I do have to ask, would you still feel that way in a game with a faceless MC where some of the choices are given to have no effect on the story, and instead exist to characterize MC?
I do agree with you otherwise, I just needed this clarified. Thank you for sharing!
I'd say choices that characterize the player in game by nature often have an impact on the story, even if it doesn't change much more than a line or two of reactionary dialogue. Personally I'd like a nod to it within the narrative itself, not just something like ("Do you like tea or coffee more?") (choice is made and story continues on unrelated) but if I feel in the moment it will have an effect, that my choice matters, then sure!
I guess like most things, it's down to how it's pulled off. Sleepy brought up some good points.

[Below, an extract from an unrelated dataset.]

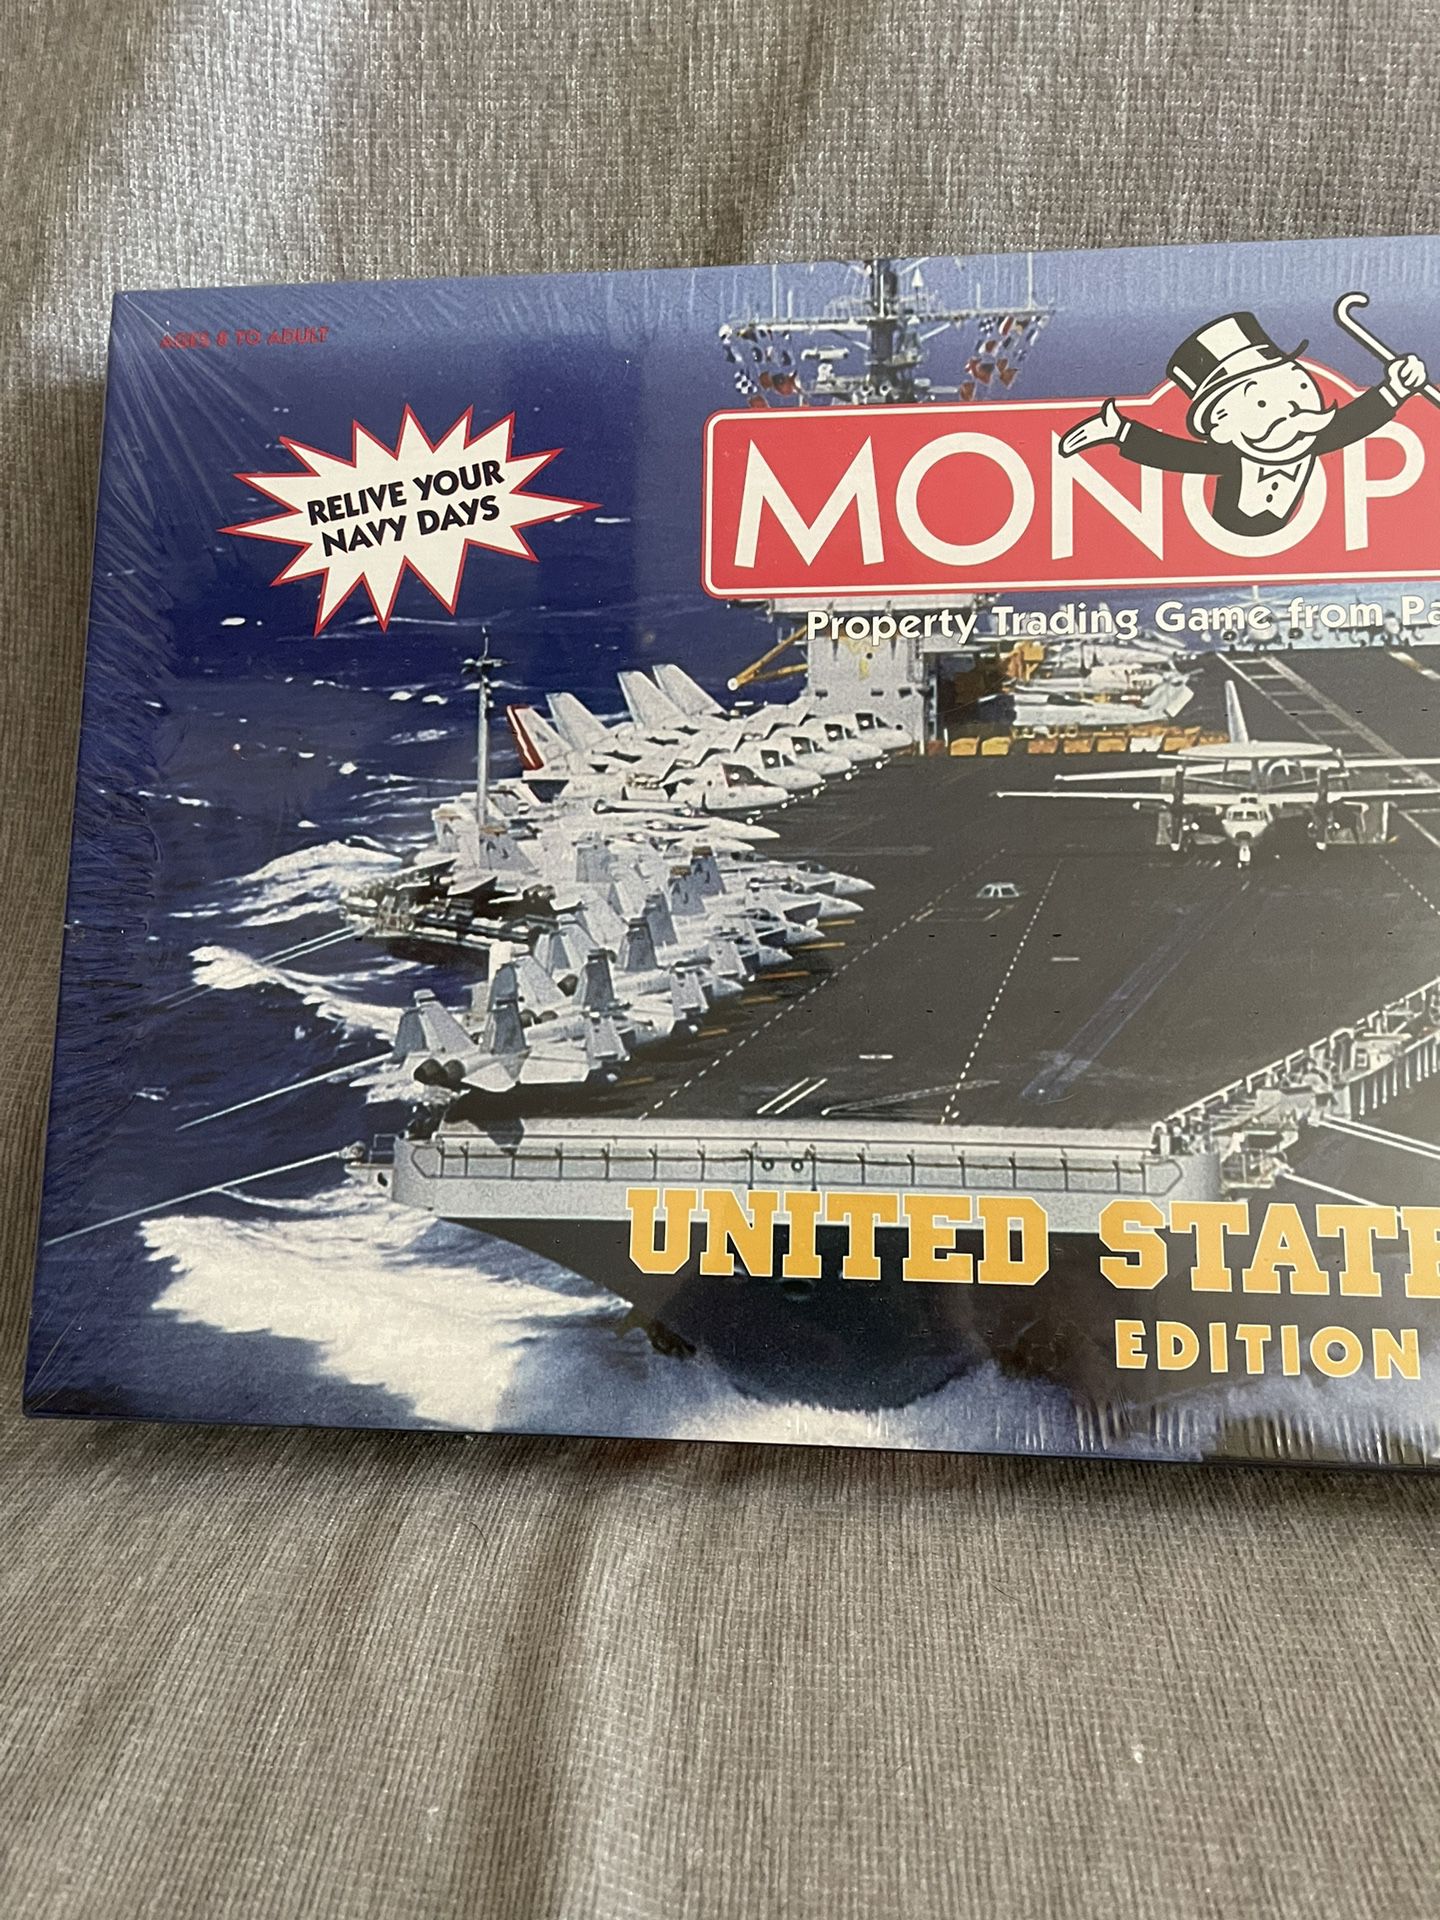 1998 Monopoly US Navy Board Game (Sealed - Never Been Used)

(Sorry, jumping in on your discussion.) I think the most important difference lies not in whether it it is important but that it feels like it's important. If the game gives you a choice and says 'Well, it doesn't actually matter.' it might not be an issue. If a game gives you a choice and says 'Nope, this is the wrong choice, we'll just pick the right one for you or just throw you into an eternal loop until you pick the correct choice yourself.' it probably will be.

I don't know if you're familiar with the recently released Resident Evil 7, I'm just mentioning a currently mainstream game. There are plenty of other games that have similar flawed 'interactive' choices.
In this game there's pretty much just one interactive choice: which girl do you save? That decision will decide whether you get the good or the bad end, and a few scenes. However, the effects of the choice are disappointing to a degree that the game might've been better off without it and instead allow some other factor to decide whether you get that good end.
If you choose your girlfriend, you get the good end and because it's the end they want you to follow you won't feel disappointed.
However, if you choose the other girl she'll get killed a minute after and the girlfriend gets shoehorned in anyway to make sure the same level happens. And that feels lazy, it's just a few slightly different scenes with re-used assets but in the end the exact same game in between. The problem here is that it should have been different. This is not 'coffee or tea' like mentioned before, it's something that should actually have effect and be important. And I can imagine ways that it could've worked with minimal changes, like making Zoe be the one travelling through the ship (just a change of voice and a more detached perspective of the events that happened). But they didn't and instead made a rather insignificant and therefore disappointing interactive section to an otherwise enjoyable lineair-ish game.